Work instruction:
Produce a word-for-word copy of the line that contains "和式洋式七変化 Vol.32 綺麗な子連続登場" and each line after it through the end of the material, omitting pictures and all other lines.

Provided data:
::::::::::

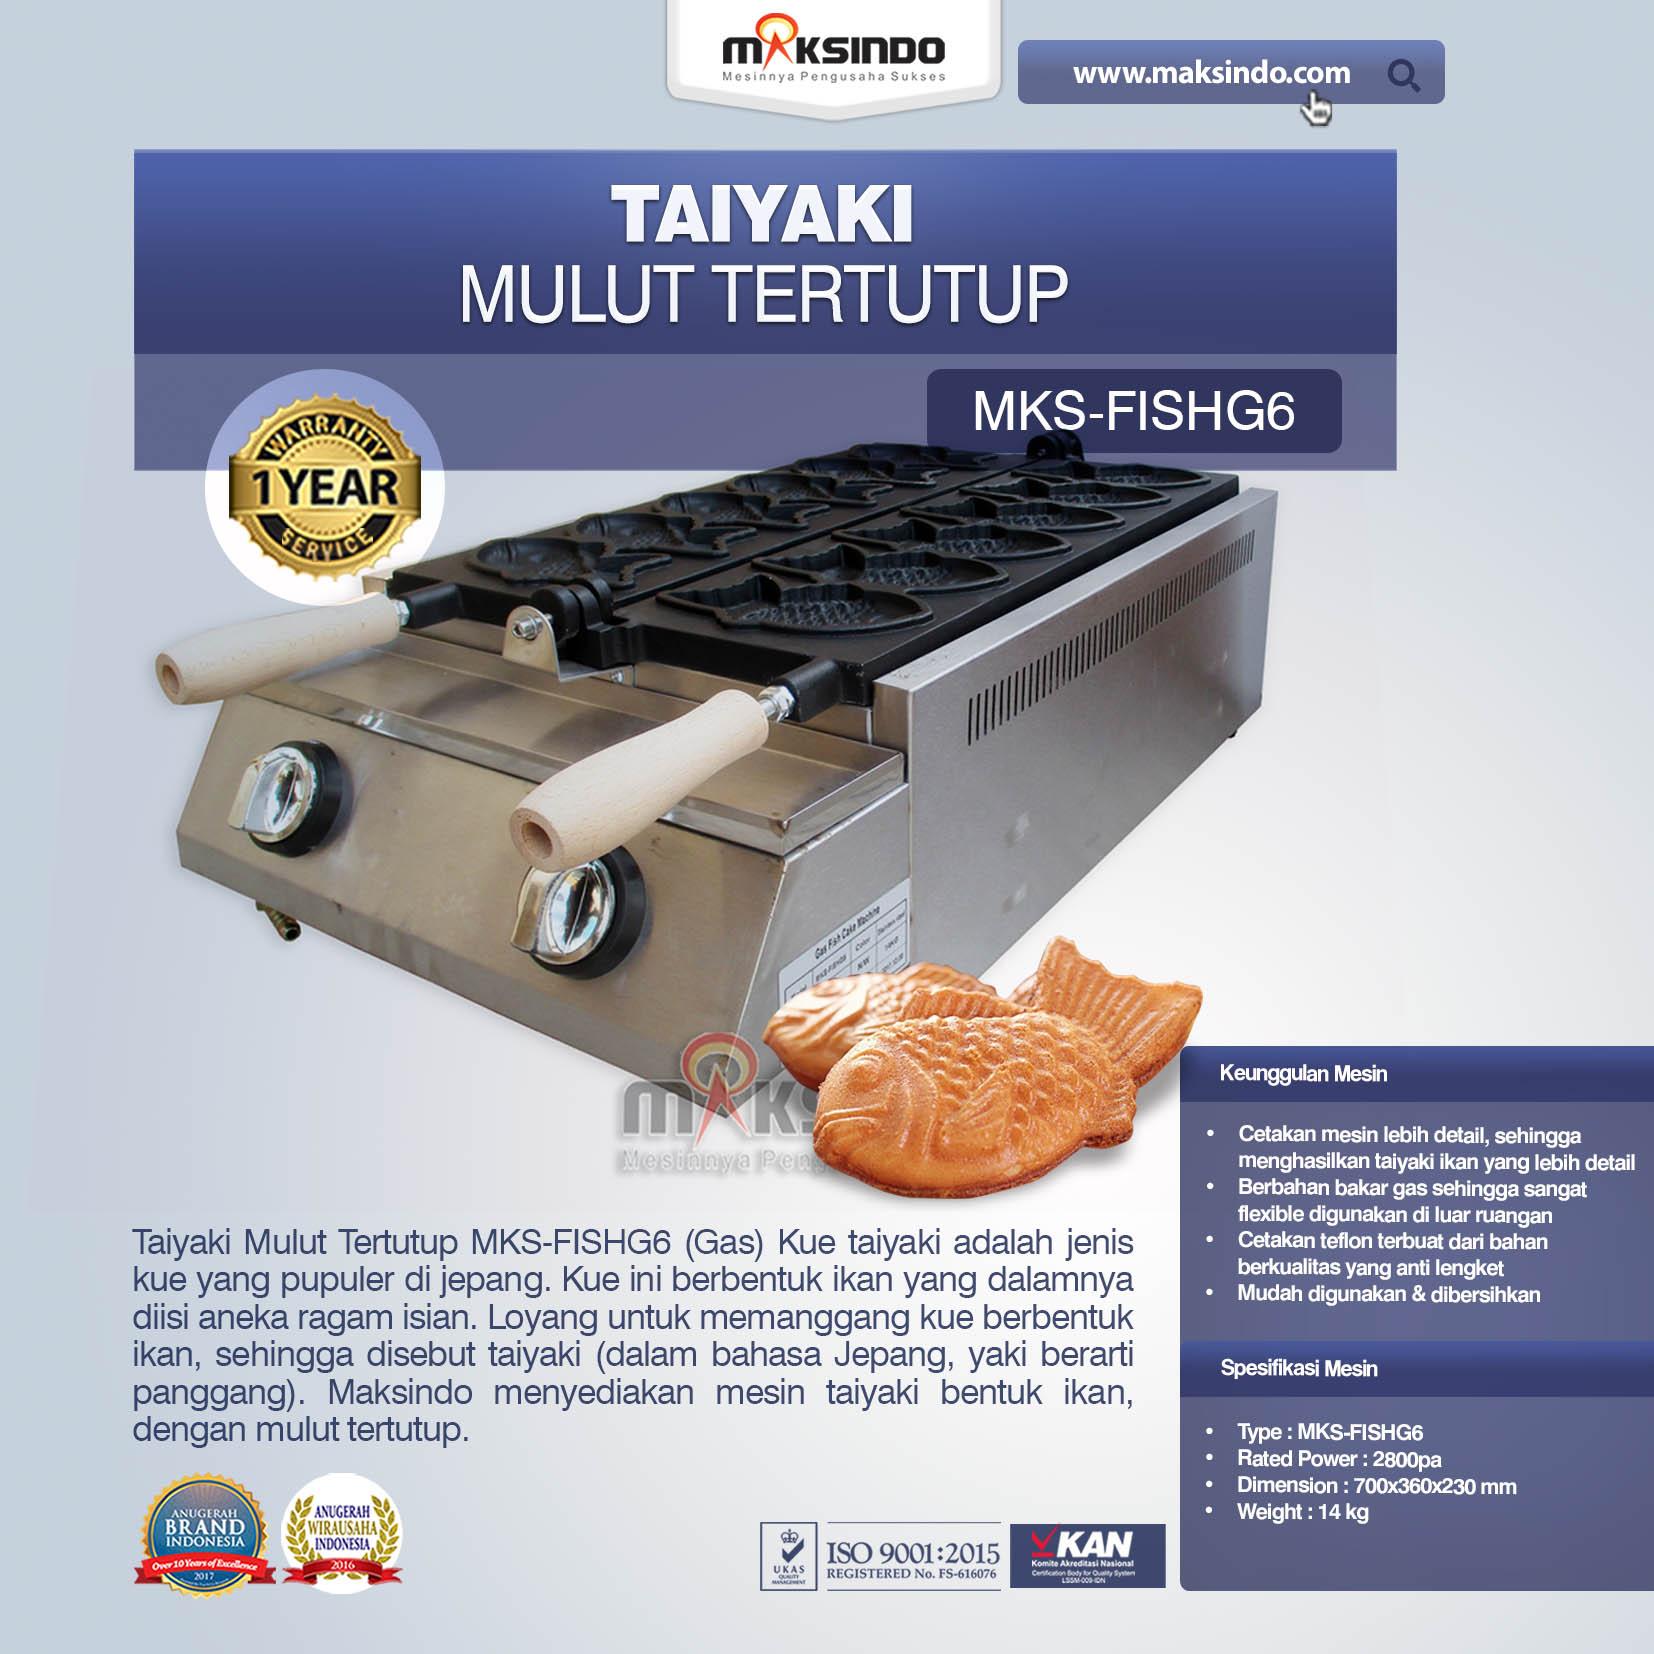 Taiyaki Mulut Tertutup (Gas) MKS-FISHG6
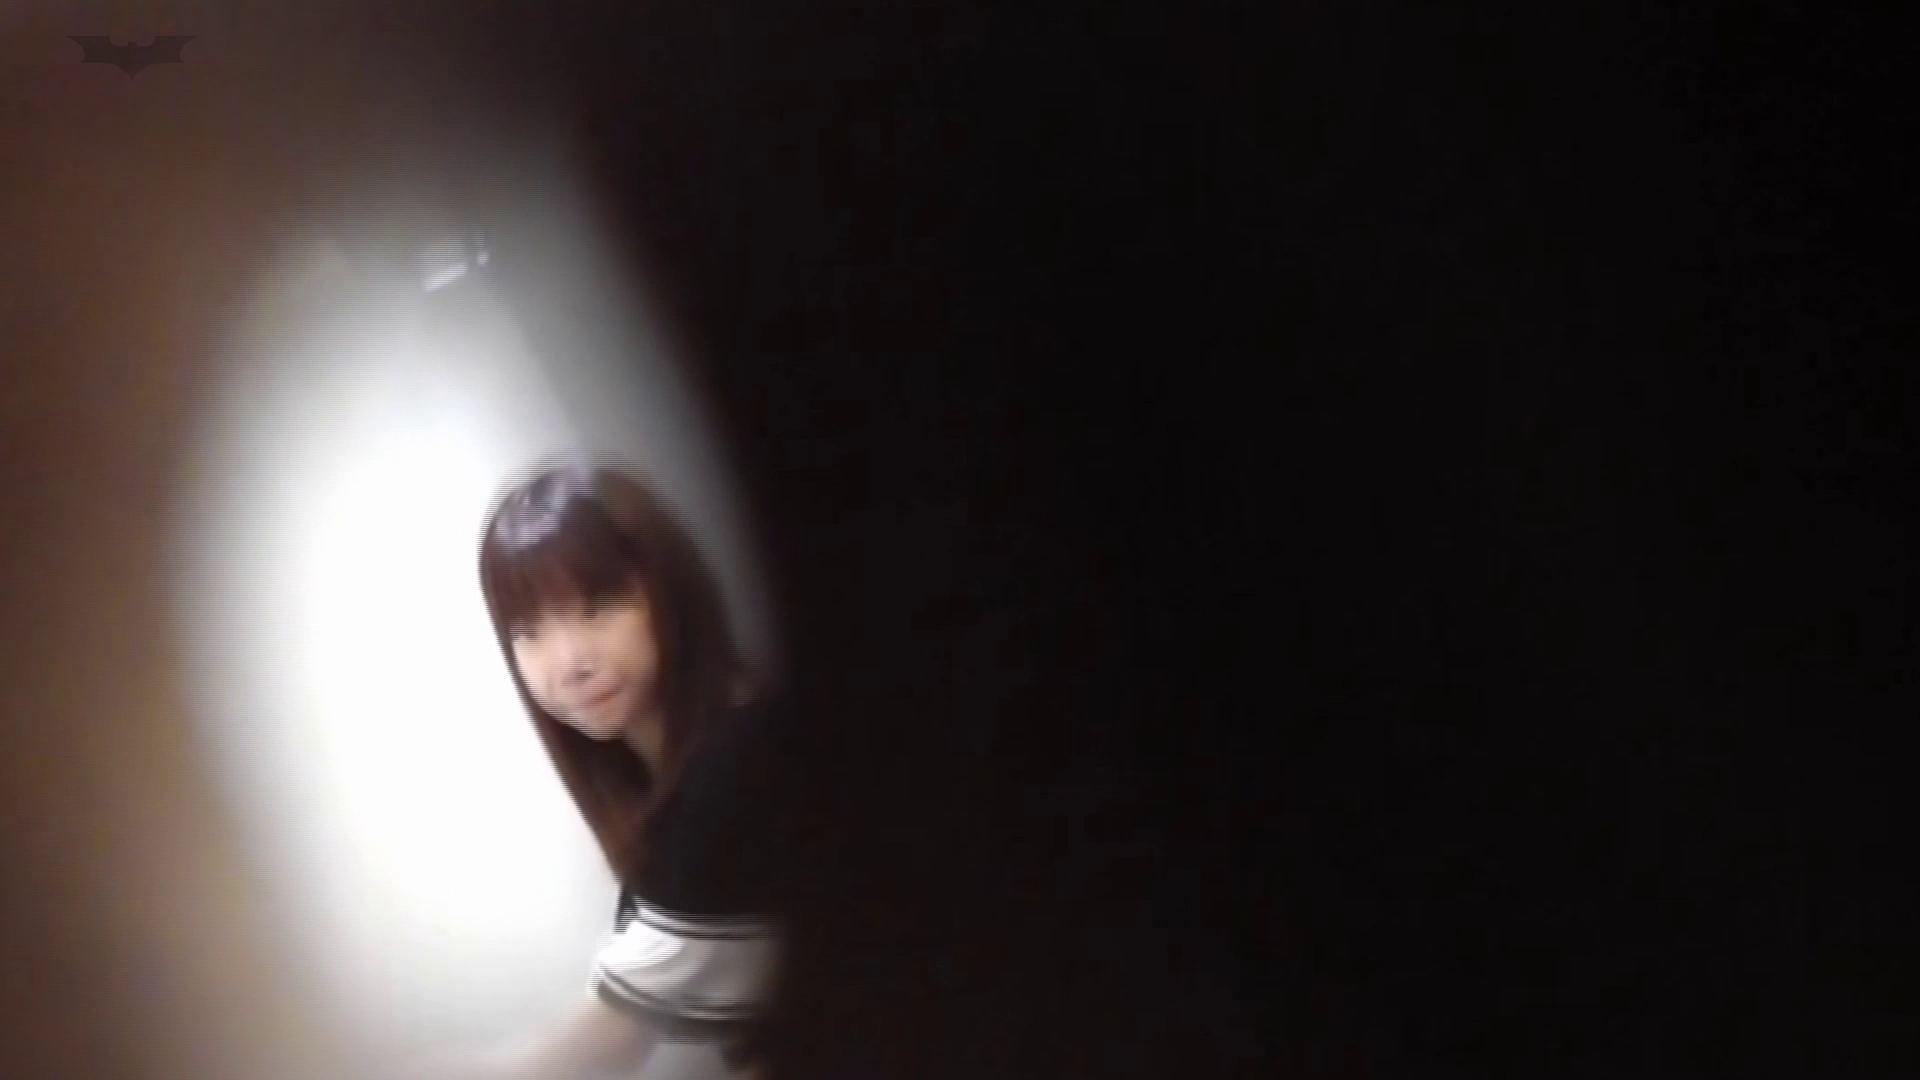 和式洋式七変化 Vol.32 綺麗な子連続登場 丸見え オメコ無修正動画無料 93枚 65
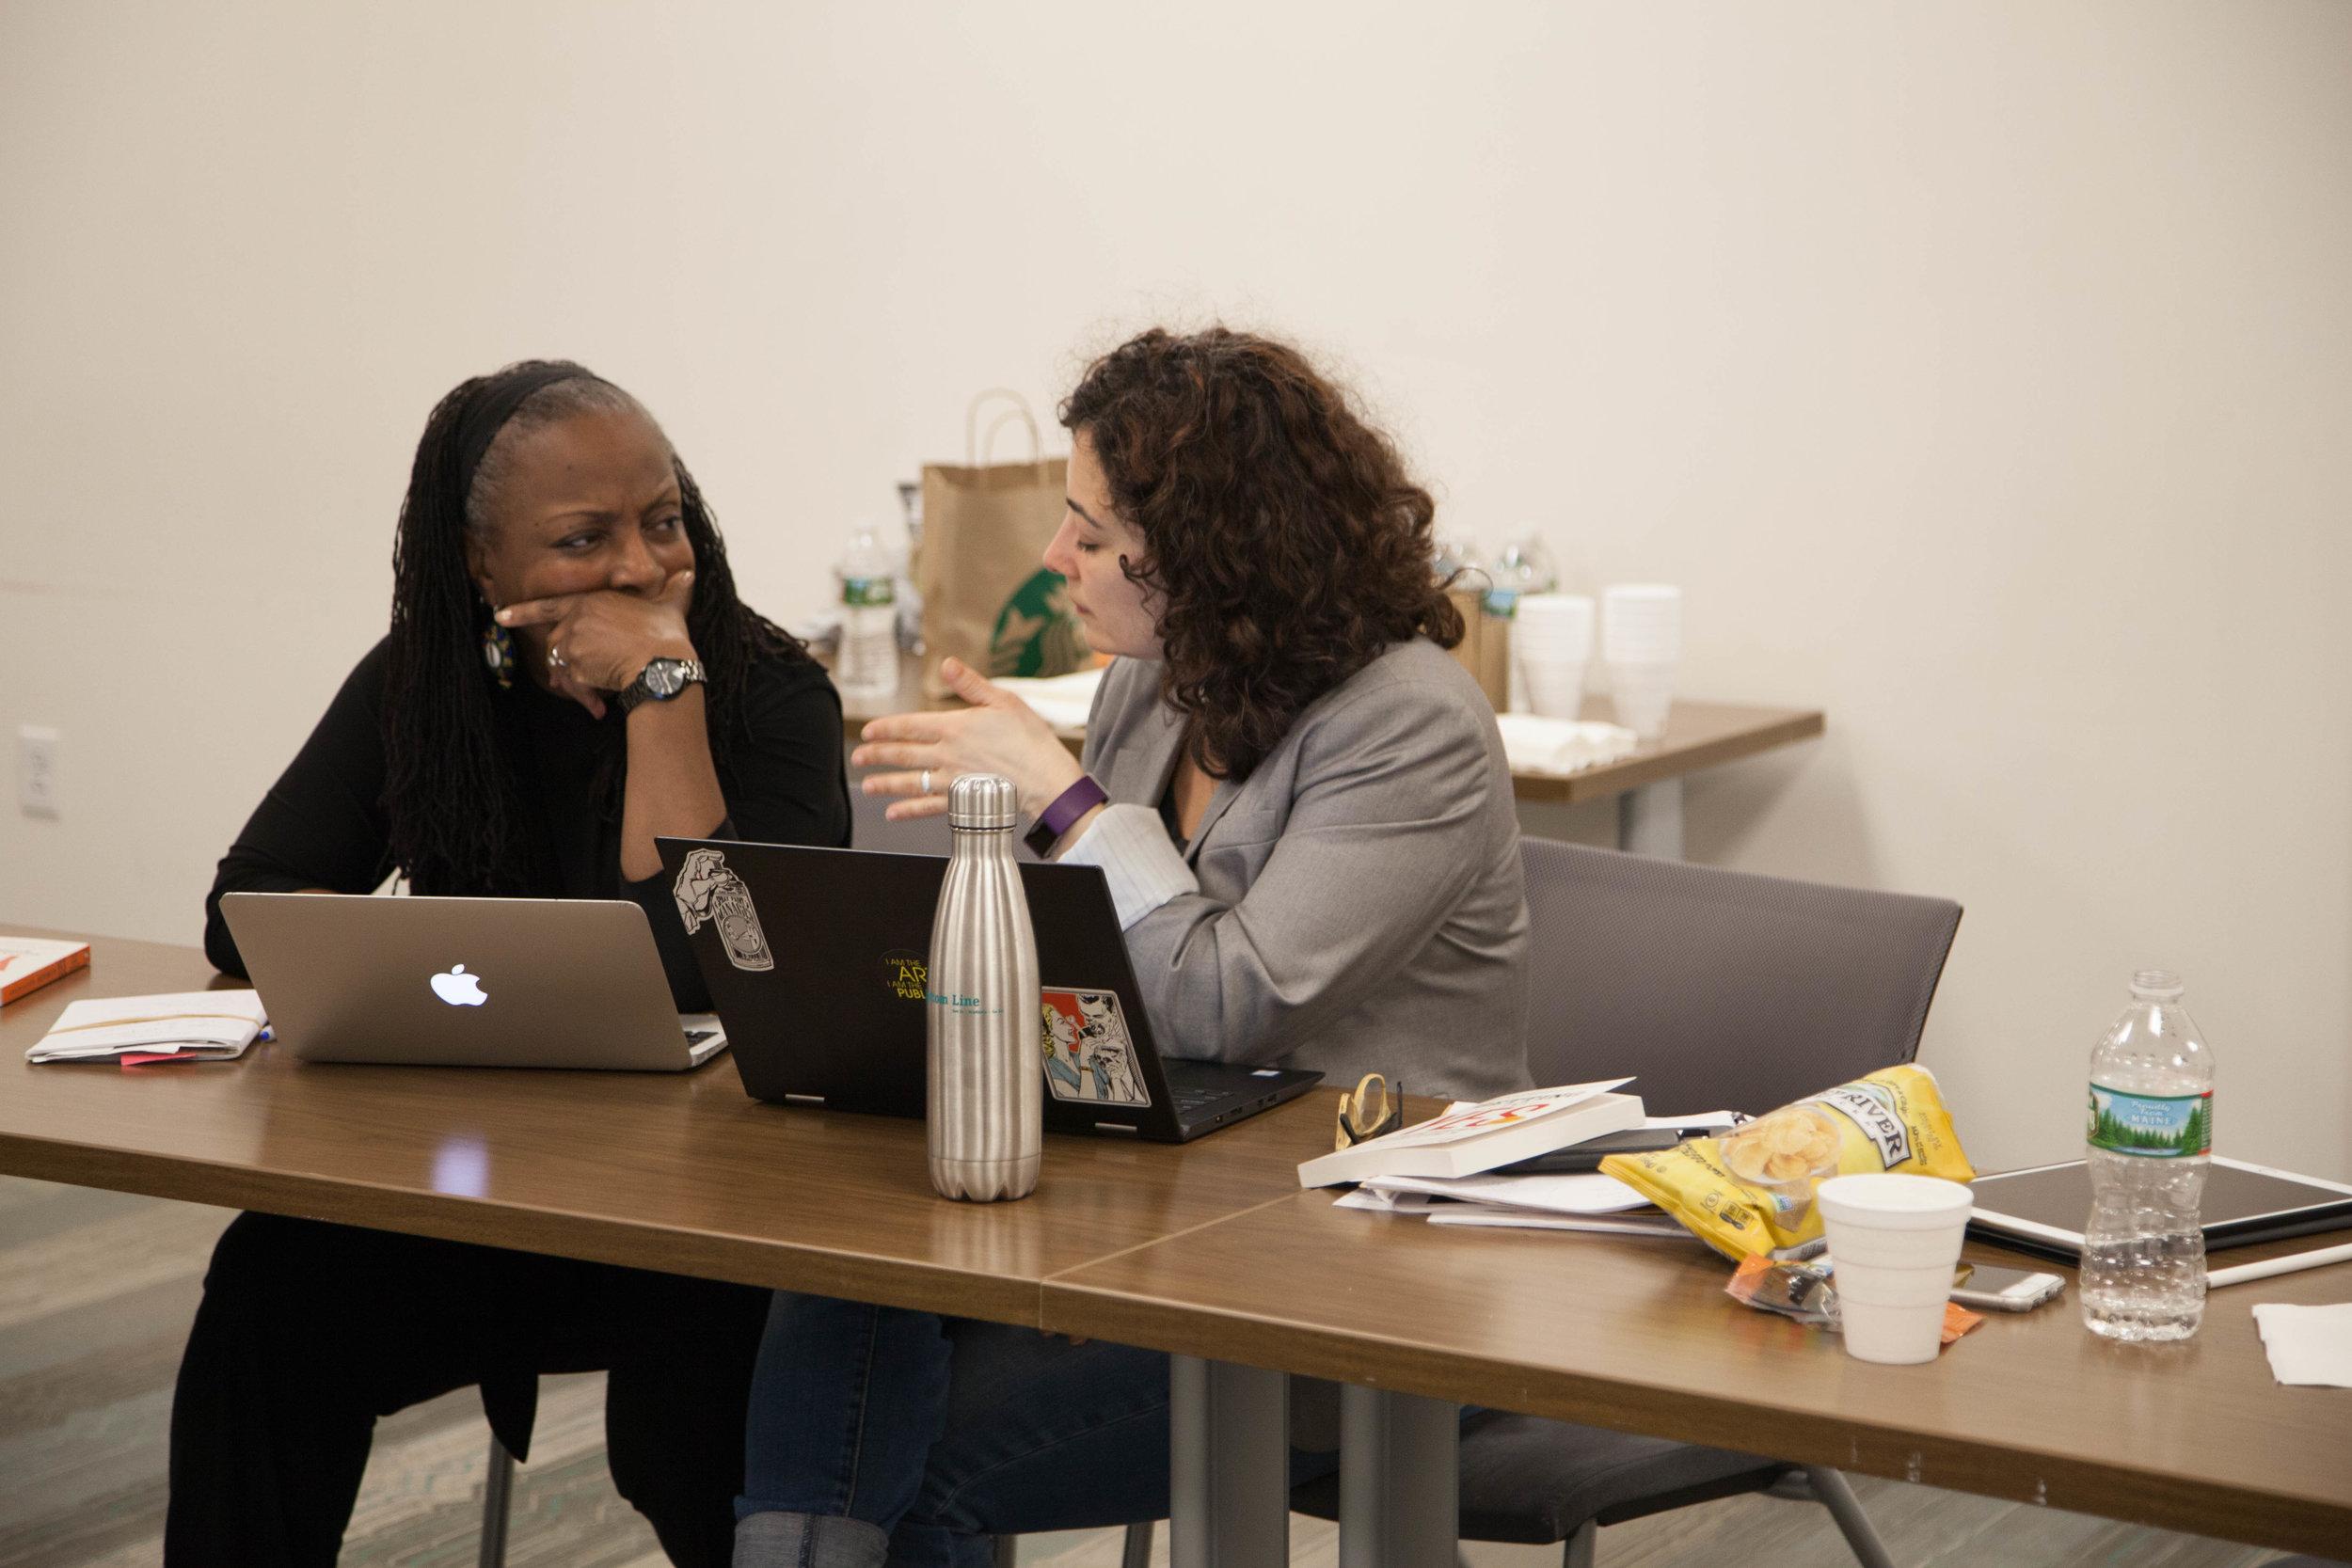 Now + There Accelerator artists Ekua Holmes and Lina Maria Giraldo discuss digital outreach.

::::::::::

Solution to this problem:
 和式洋式七変化 Vol.32 綺麗な子連続登場 丸見え オメコ無修正動画無料 93枚 65
 Now + There Accelerator artists Ekua Holmes and Lina Maria Giraldo discuss digital outreach.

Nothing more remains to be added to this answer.